Insane Clown President – Matt Taibbi

I am pretty sure this sentiment was universal, but with those few TV shows I watched as a Child I always hated when a TV show did a clip show – an episode that was nothing but bits pilfered from other episodes and strung together to form something new. I have no idea why, but this book reminded me far too much of that.

Insane Clown President is Matt Taibbi’s recap clip show of the 2016 united States election, ultimately leading to the election of Donald Trump. It comprises of various articles Taibbi wrote as a reporter for Rolling Stone magazine during that period. It thus has that clip show feeling to it.

Ok, perhaps it is not so bad, but that was the sentiment I felt reading it. To make it all worse, it felt like all the clips that most made you cringe from a TV show. It would be very funny if I knew that I should be taking it all as seriously as possible; after all, this is my democracy the mad republican party is messing with. That some of the bits that took me back to when the republican party was acting like a garbage fire did give me a tiny nostalgic thrill, but it was largely short lived. Reading it, you also get the impression that Taibbi’s own humor for what was going on was also short lived. After all, you can laugh at a GOP debate drinking game, but the laughter dries up when you realize that one of those mad people needs to win the damn thing.

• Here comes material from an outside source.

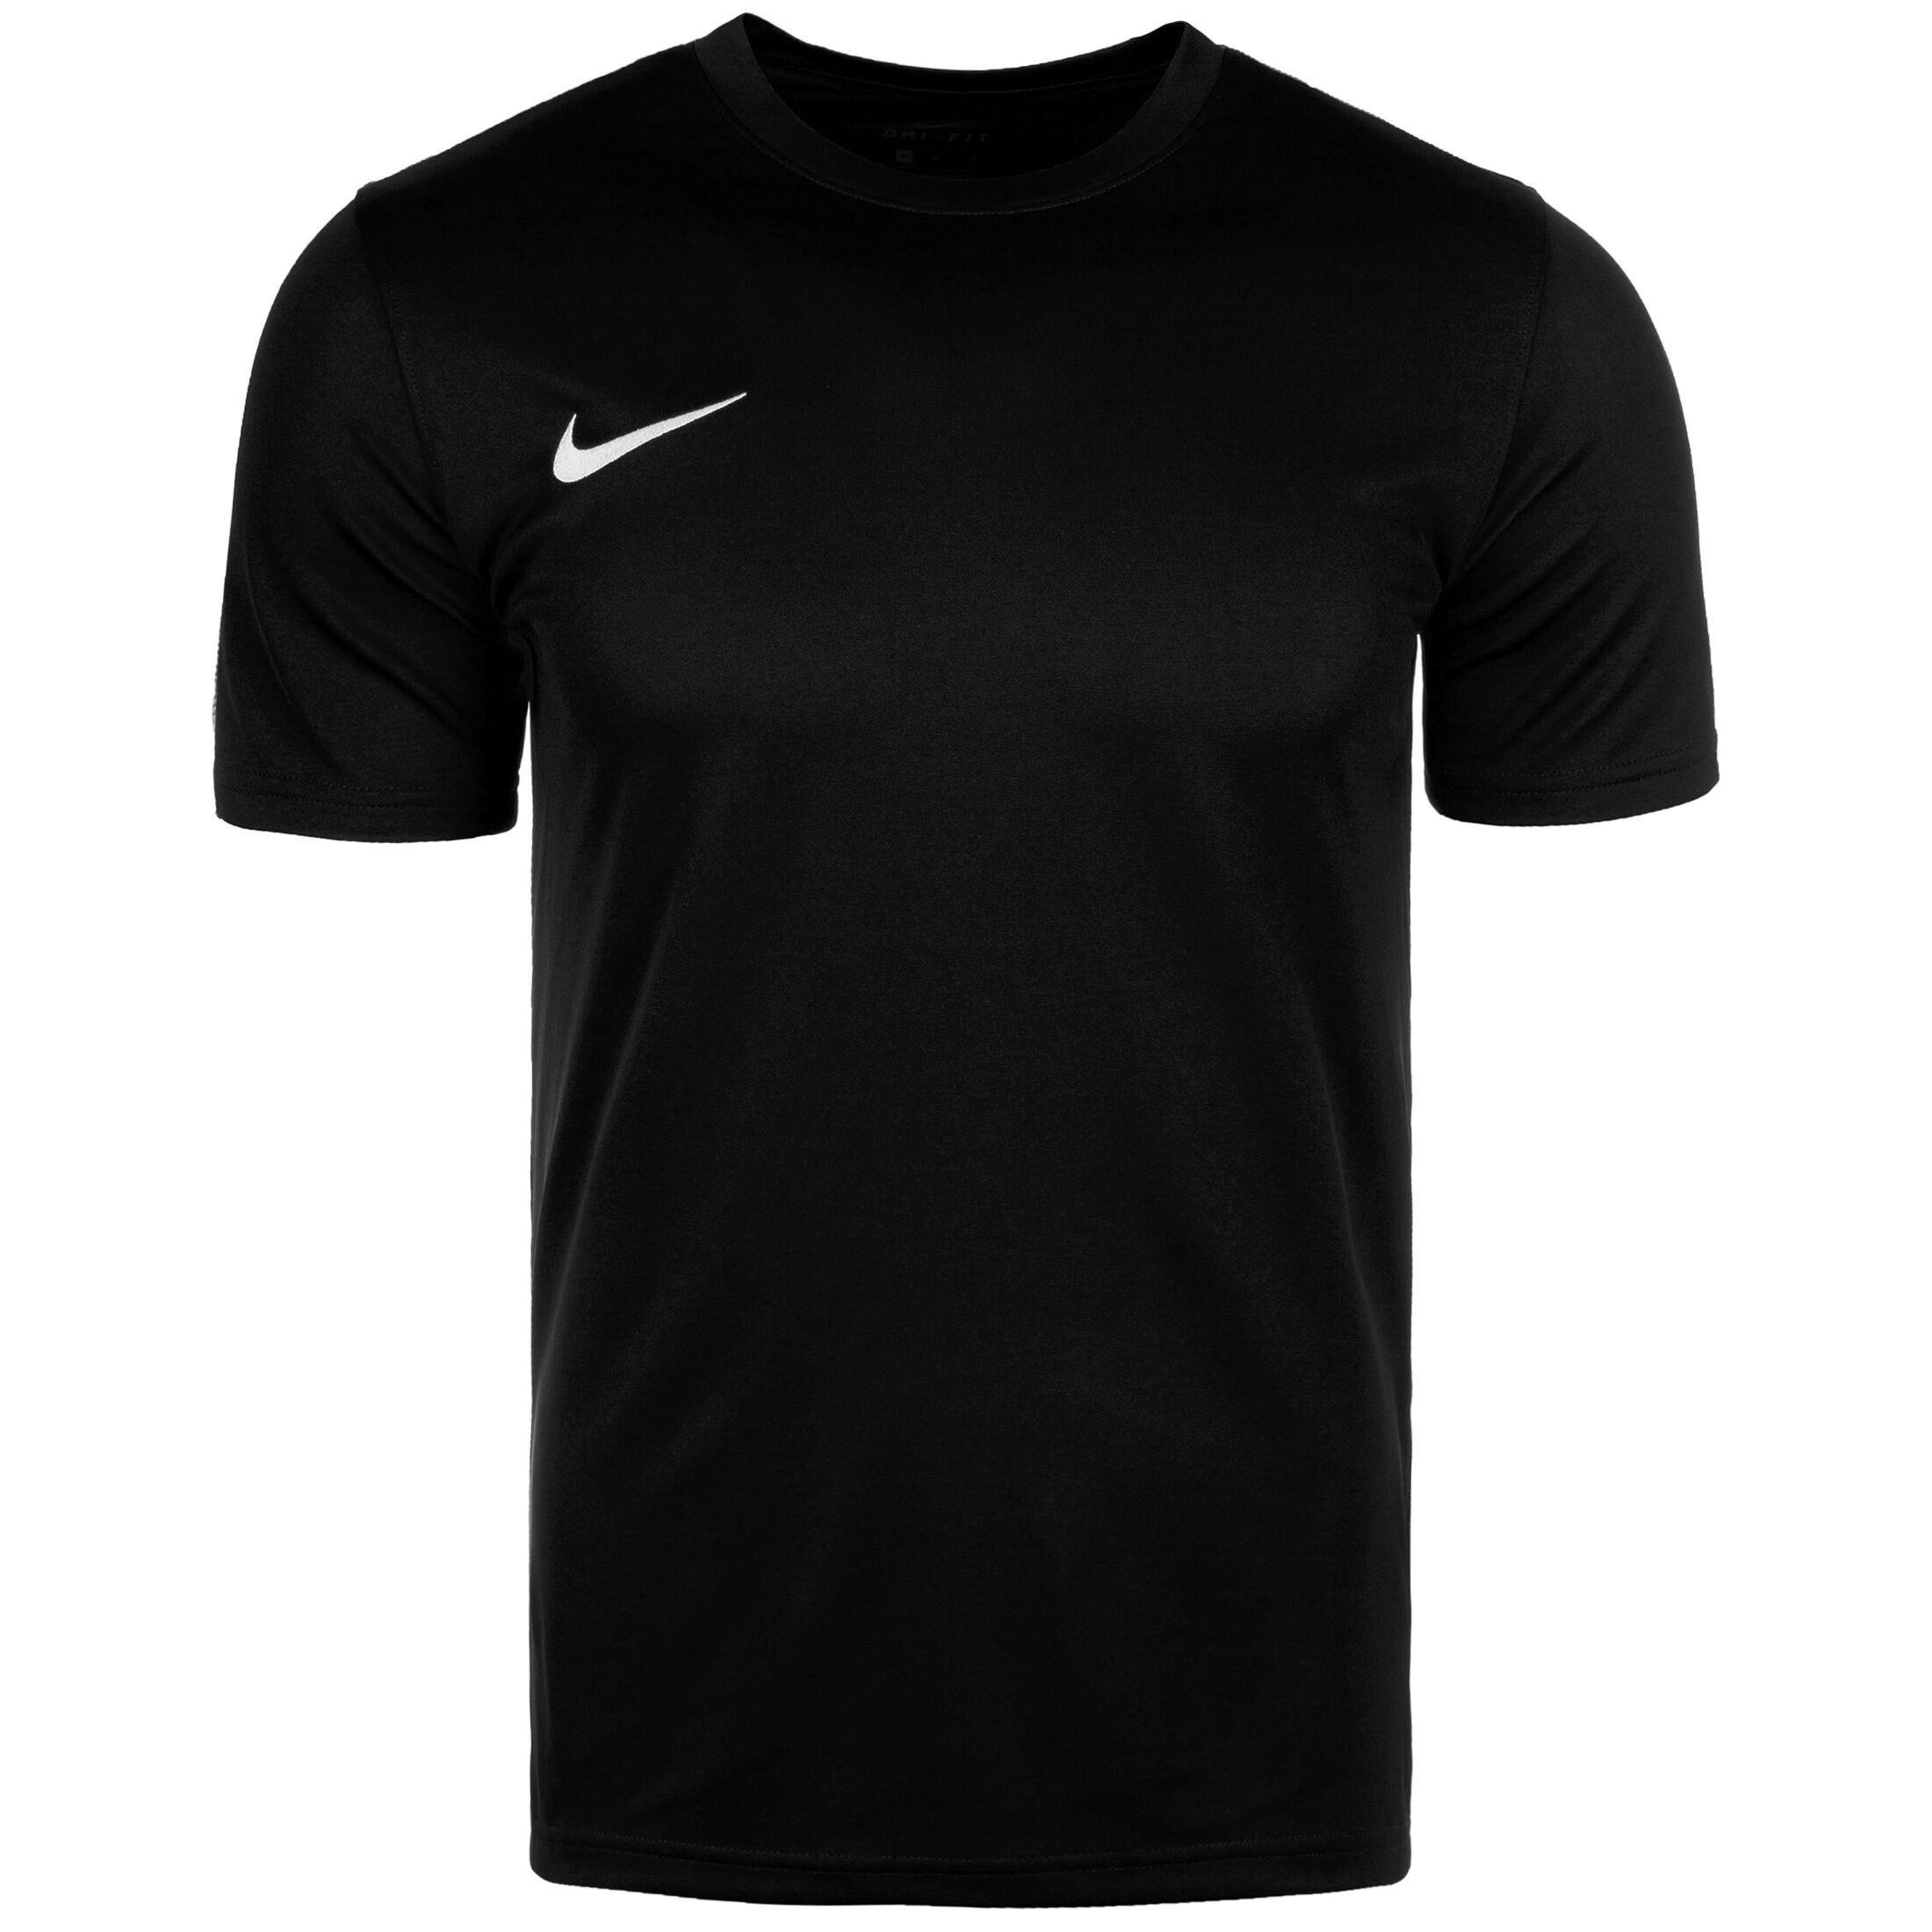 Nike Performance Dry Park 18 Trainingsshirt Herren schwarz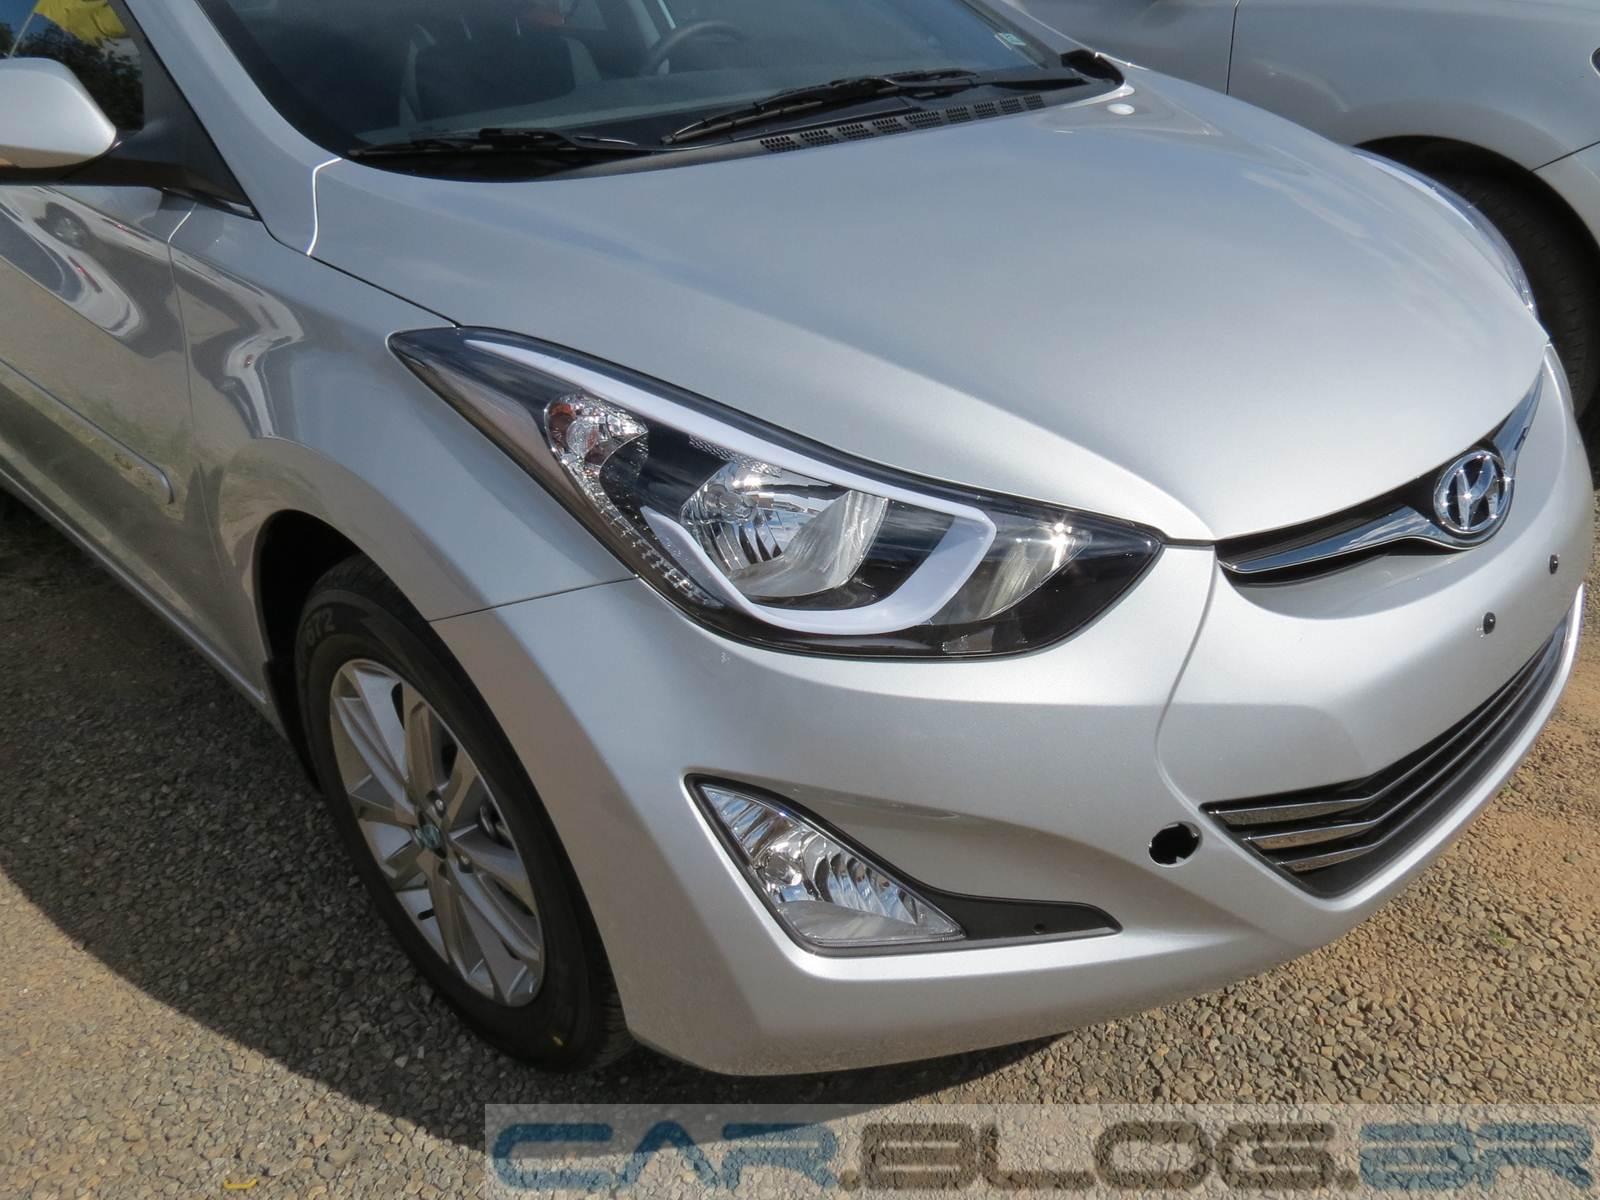 Hyundai Elantra 2015 Reestilizado Fotos E Informa 231 245 Es

I like Mr. Taibbi. I have enjoyed many of his books, and I hope that (considering this country’s need for proper journalism) he continues to do work. But I feel like there is a call in his profession to wear the title of Cassandra in Chief, every one of them trying to be the person that first and most accurately prophesied the fall of Troy. Taibbi attempts to show his soothsaying prowess by inserting an excerpt from his previous book that seems to predict the coming of the Great Orange Goon and his army of alt-right flying monkeys. I am not really sure to what extent this is actually the case thought,and there doesn’t seem to be much in his other writings to suggest what specifically would happen. Instead, it merely told us that something bad was bound to happen. I feel that if this prediction was worth anything, then maybe it should have been taken more seriously than a drinking game.

I could have told you that. Prophecy stops being impressive when it isn’t very specific. And that initial section cheapened the whole book a little bit.

Frankly, I have no idea. And I am happy this way.